Kompleksitas kasus ini juga membuka ruang diskusi tentang tantangan yang dihadapi oleh pemerintahan desa dalam menjalankan tugasnya dengan baik. Desa, sebagai unit pemerintahan yang paling dekat dengan masyarakat, seharusnya menjadi contoh integritas dan transparansi.
Kepercayaan masyarakat terhadap pemerintahan desa menjadi krusial, karena itulah pintu utama di mana kebijakan dan program pemerintah disalurkan. Ketika kepala desa terjerat dalam kasus hukum, hal ini bukan hanya merusak reputasi individu tetapi juga menggoyahkan kepercayaan publik terhadap seluruh pemerintahan desa.
Pertanyaan pun muncul, apa yang mendasari maraknya kasus korupsi di tingkat desa? Apakah lemahnya pengawasan internal atau adanya celah dalam sistem akuntabilitas pemerintahan desa? Ini menjadi perhatian yang perlu dipelajari dan diperbaiki agar kejadian serupa tidak terulang di masa mendatang.
Langkah-langkah preventif dan peningkatan kesadaran hukum di kalangan kepala desa dan aparat pemerintahan desa menjadi sangat penting. Melalui pendekatan ini, diharapkan pemerintahan desa dapat menjadi garda terdepan dalam memberantas praktik korupsi dan membangun kepercayaan masyarakat.

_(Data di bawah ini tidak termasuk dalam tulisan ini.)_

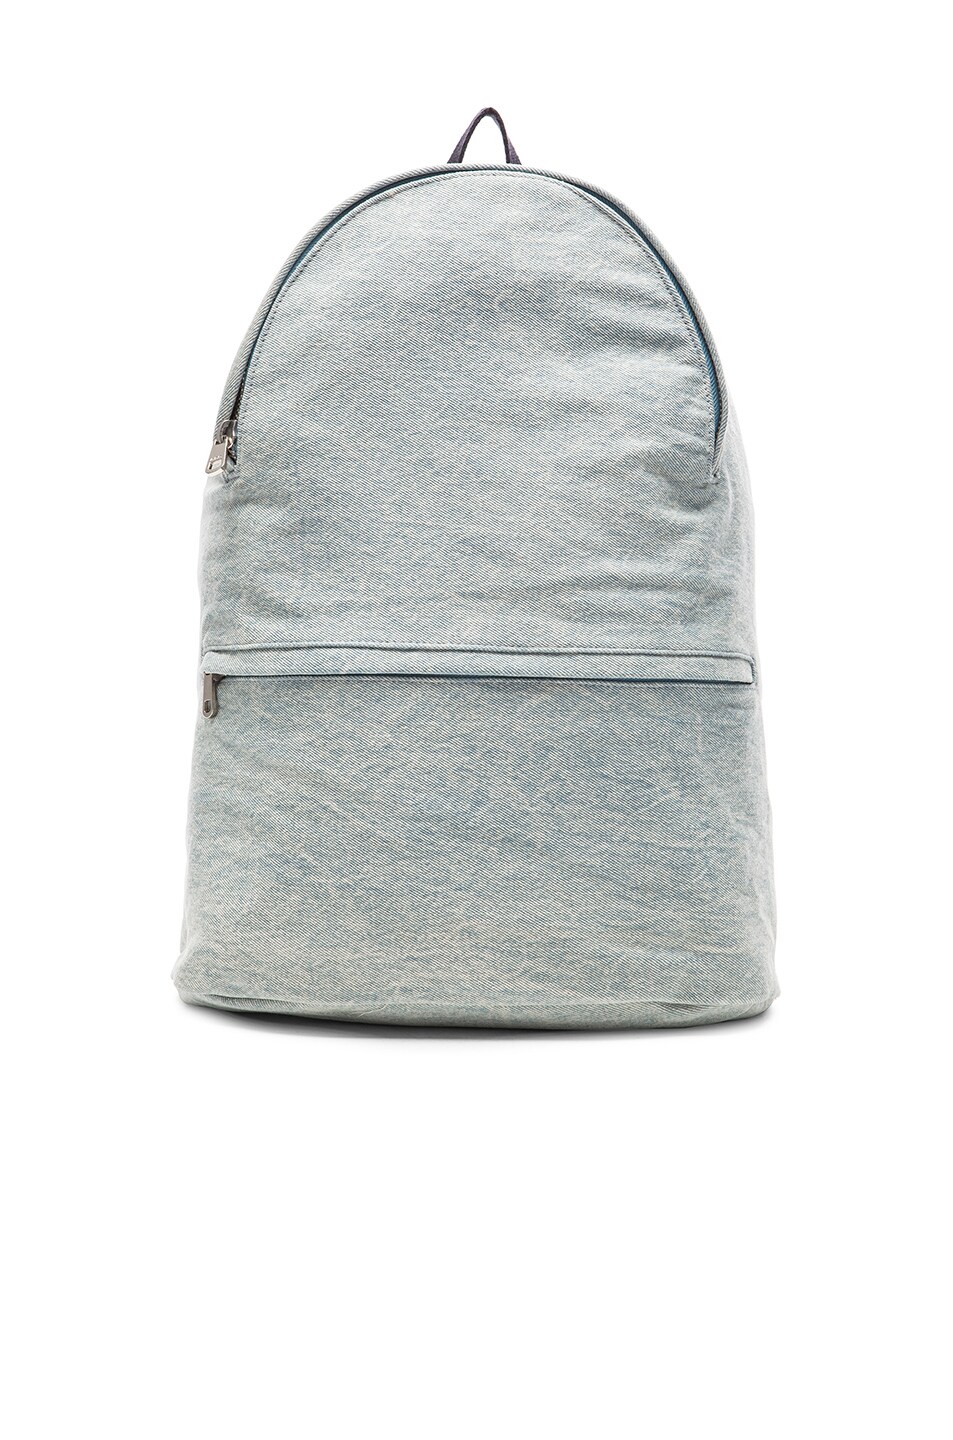 Image 1 of A.P.C. Billy Backpack in Indigo Delave

Keberlanjutan pemberdayaan masyarakat dalam pengawasan terhadap pemerintahan desa juga menjadi kunci penting. Masyarakat yang memiliki pengetahuan dan kesadaran hukum akan lebih mampu mengidentifikasi tindakan korupsi dan melaporkannya kepada pihak berwenang.
Pentingnya transparansi dalam pengelolaan keuangan desa juga tidak dapat diabaikan. Laporan keuangan yang jelas dan mudah diakses oleh masyarakat dapat menjadi alat efektif untuk mencegah dan mendeteksi tindakan korupsi. Dengan demikian, partisipasi aktif masyarakat dalam pengawasan keuangan desa dapat menjadi tameng yang efektif terhadap praktik-praktik yang merugikan.
Dalam menghadapi tantangan ini, peran pemerintah pusat dan daerah dalam memberikan dukungan, bimbingan, dan pembinaan kepada pemerintahan desa menjadi sangat penting. Pelibatan masyarakat dalam proses pengambilan keputusan dan pemantauan kinerja pemerintahan desa dapat memperkuat ikatan antara desa dan pemerintah yang lebih besar.
Dengan berbagai langkah preventif dan peningkatan kesadaran, diharapkan masalah korupsi di tingkat desa dapat diminimalisir. Kades, sebagai pemimpin di tingkat desa, harus memahami bahwa mereka memiliki tanggung jawab besar dalam memastikan keberlanjutan pembangunan dan kesejahteraan masyarakat. Dengan integritas dan transparansi, pemerintahan desa dapat menjadi pilar kuat dalam membangun negara yang adil dan berkeadilan.